**WORK INSTRUCTION**
The answer must consist solely of the lines below starting at the one containing "A group of people running in the fog" and ending at the one containing "Description automatically generated", repeated exactly, with both ends included and all pictures omitted.

══ DATA FOR PROCESSING ══

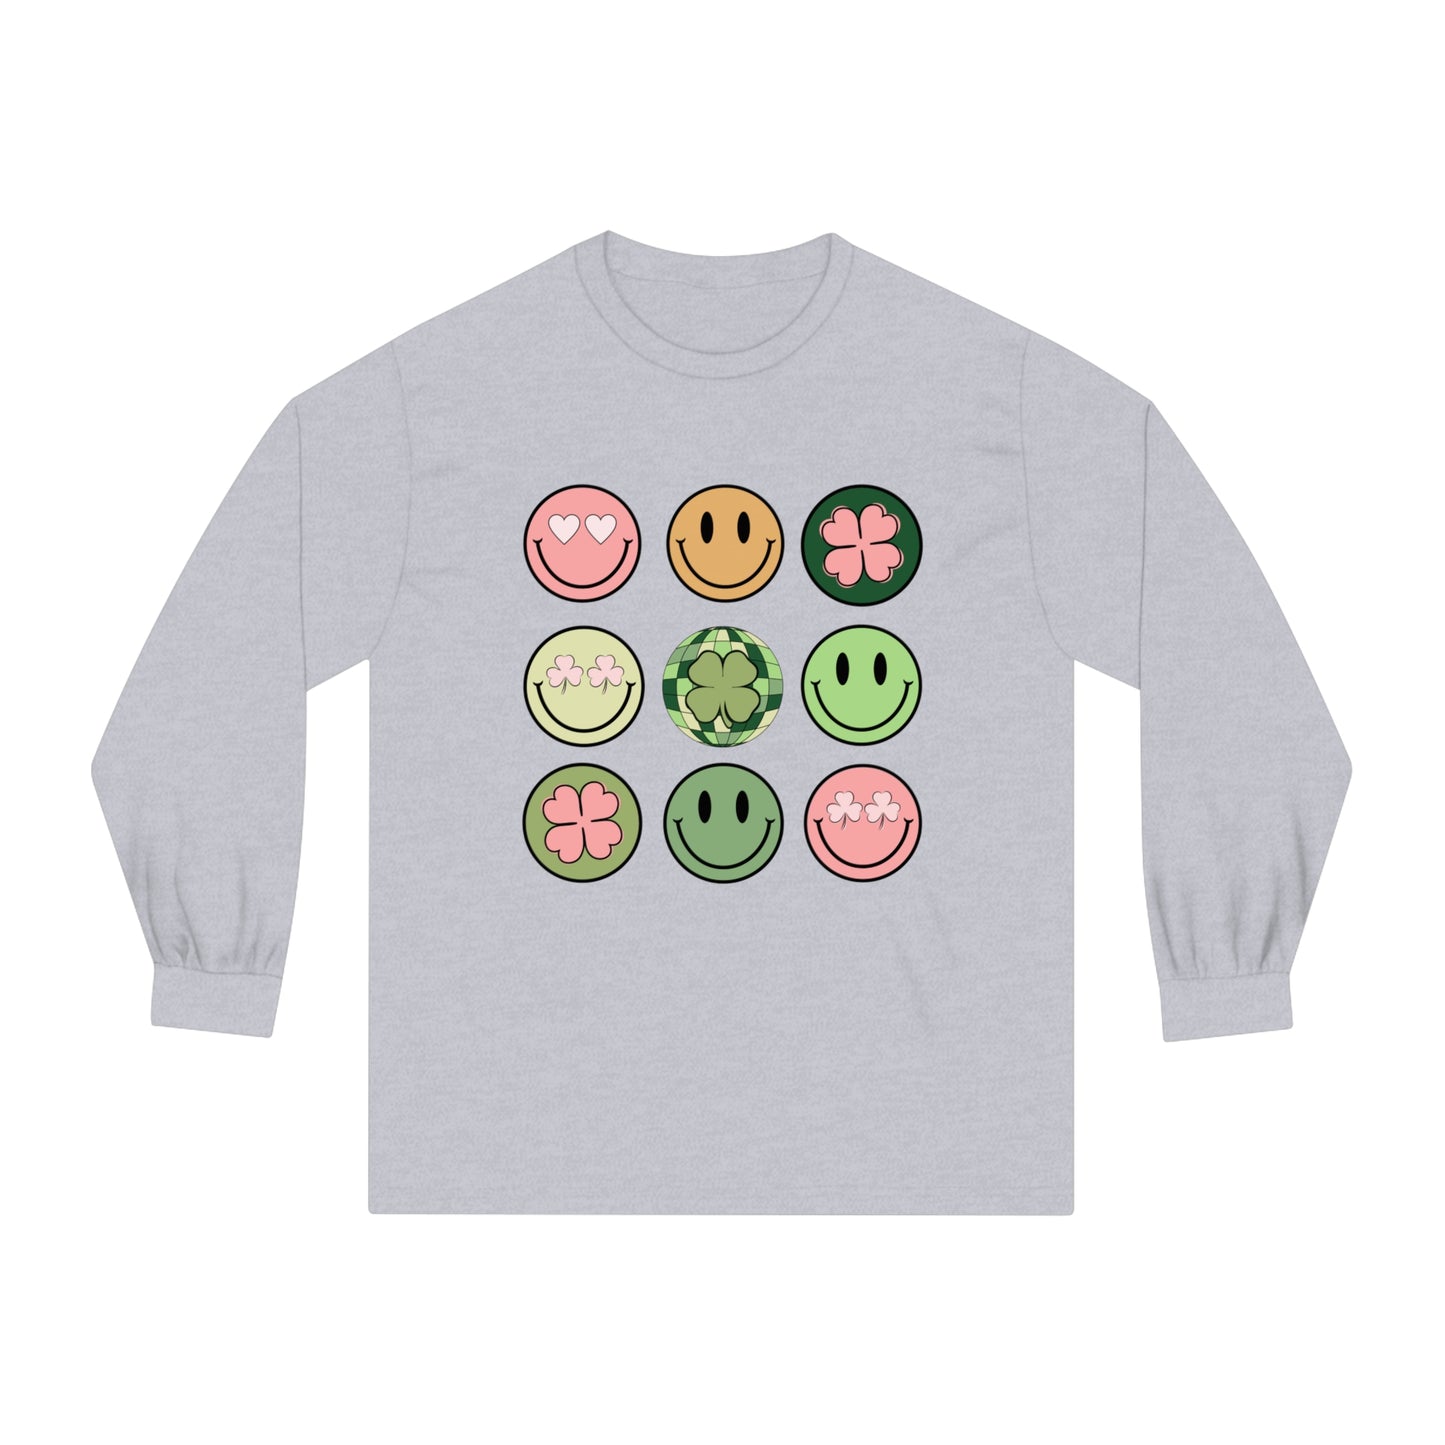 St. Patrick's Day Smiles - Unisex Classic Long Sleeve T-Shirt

═══
══ DATA FOR PROCESSING ══

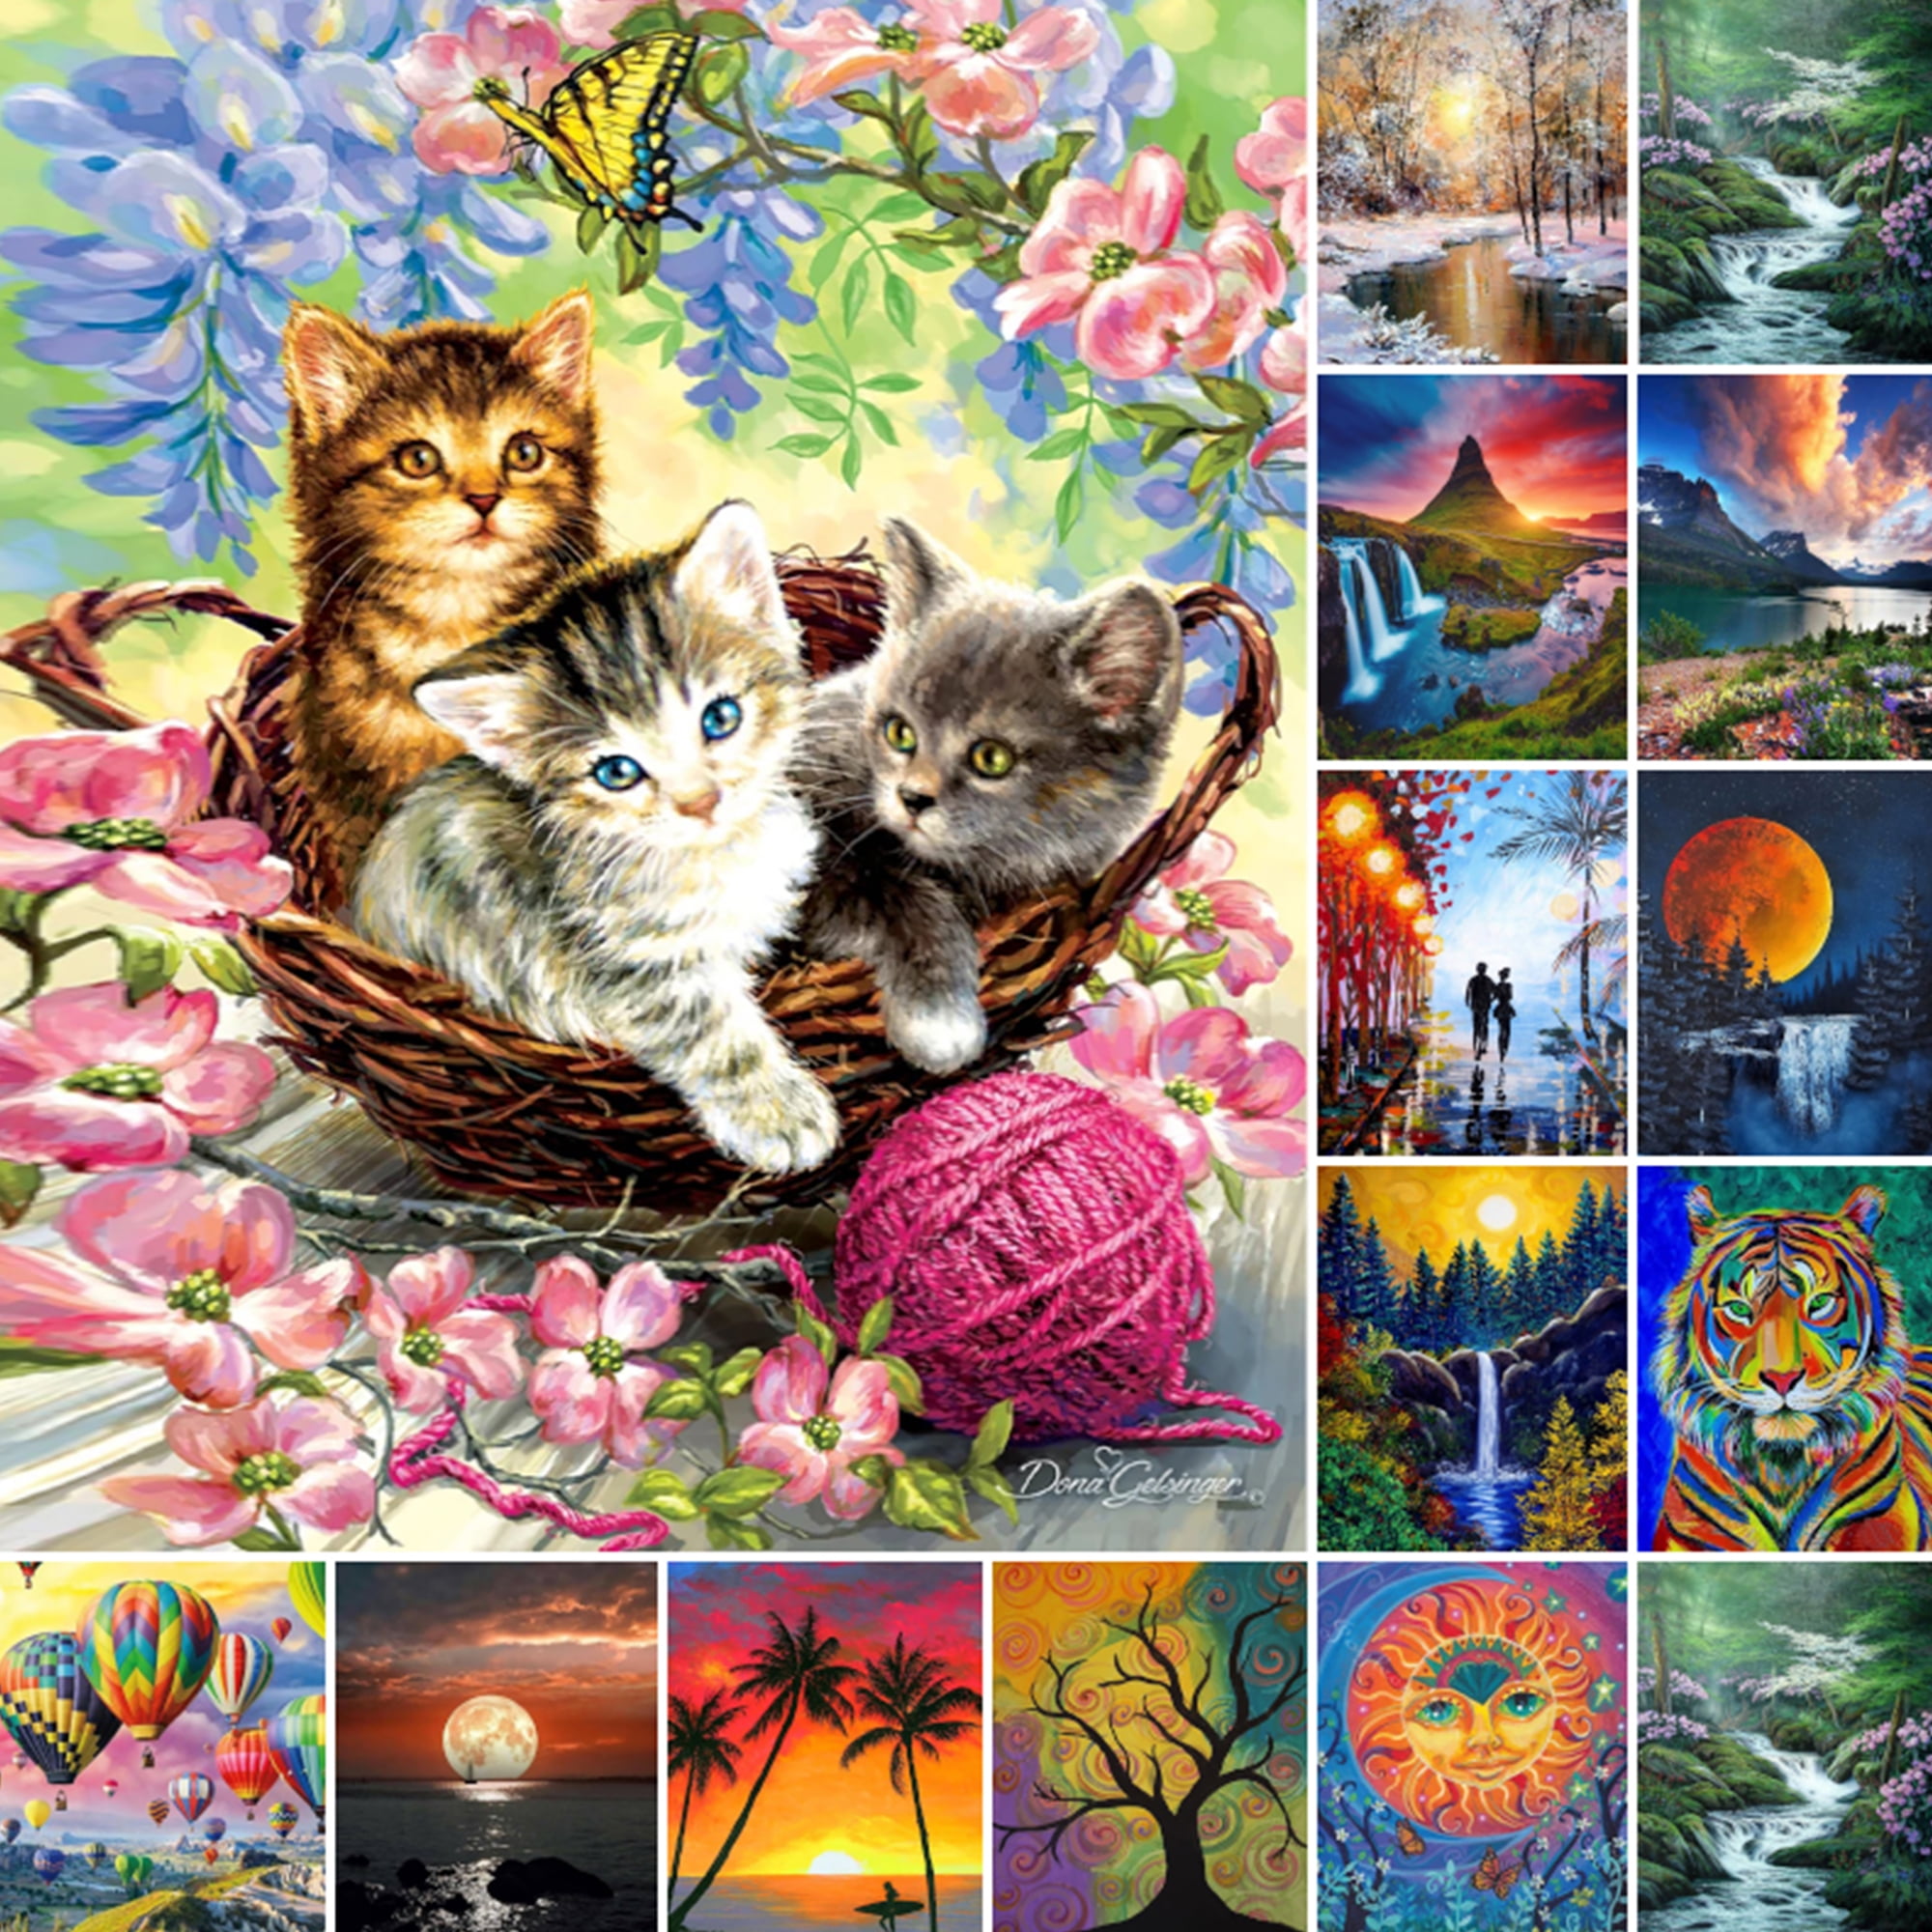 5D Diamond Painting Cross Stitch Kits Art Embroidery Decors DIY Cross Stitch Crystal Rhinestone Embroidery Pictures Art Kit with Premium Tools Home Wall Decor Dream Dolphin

═══
══ DATA FOR PROCESSING ══

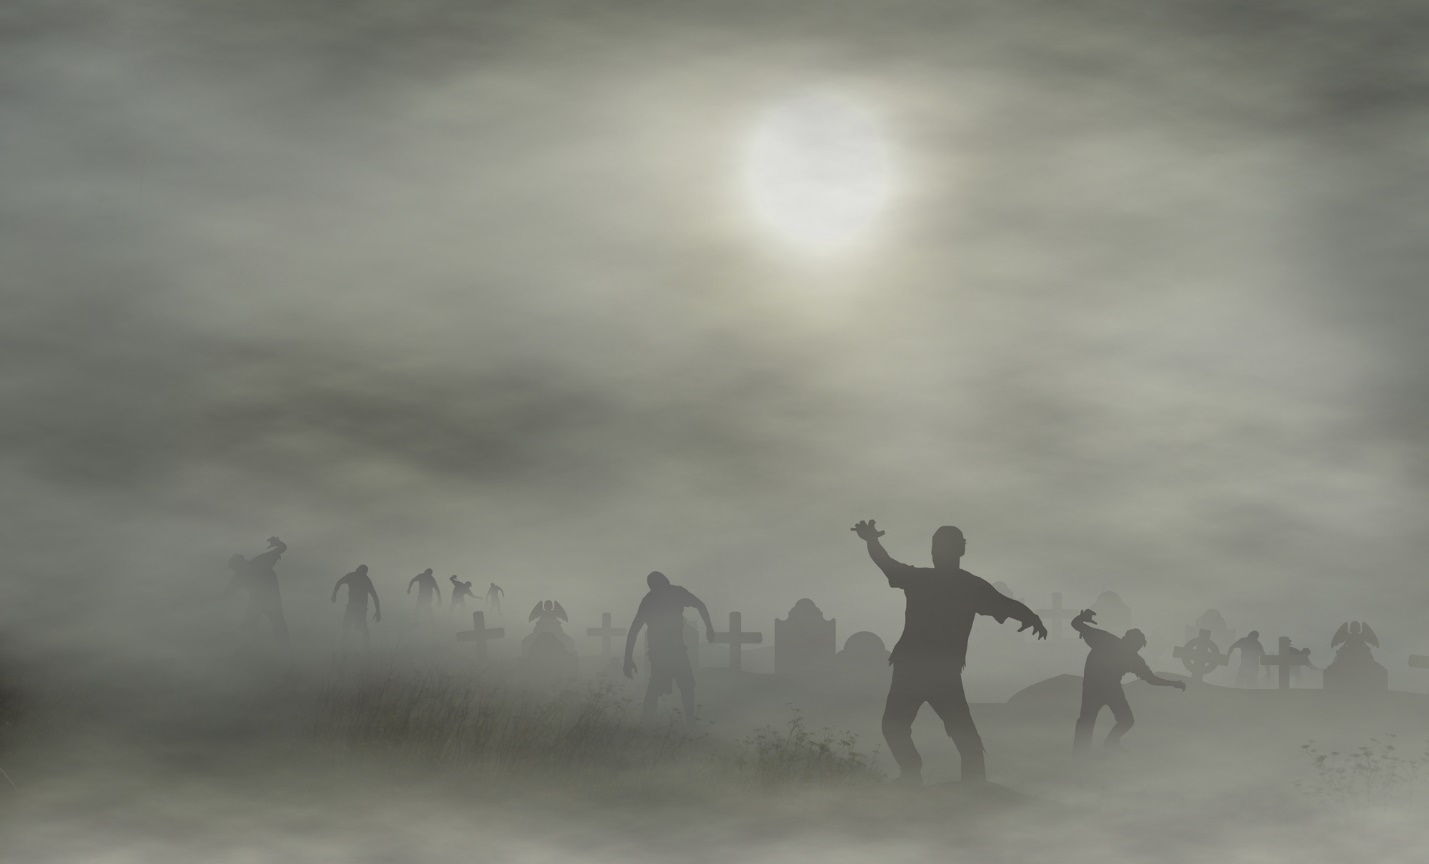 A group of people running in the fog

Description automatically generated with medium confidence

═══

**ANSWER BELOW**
 A group of people running in the fog

Description automatically generated with medium confidence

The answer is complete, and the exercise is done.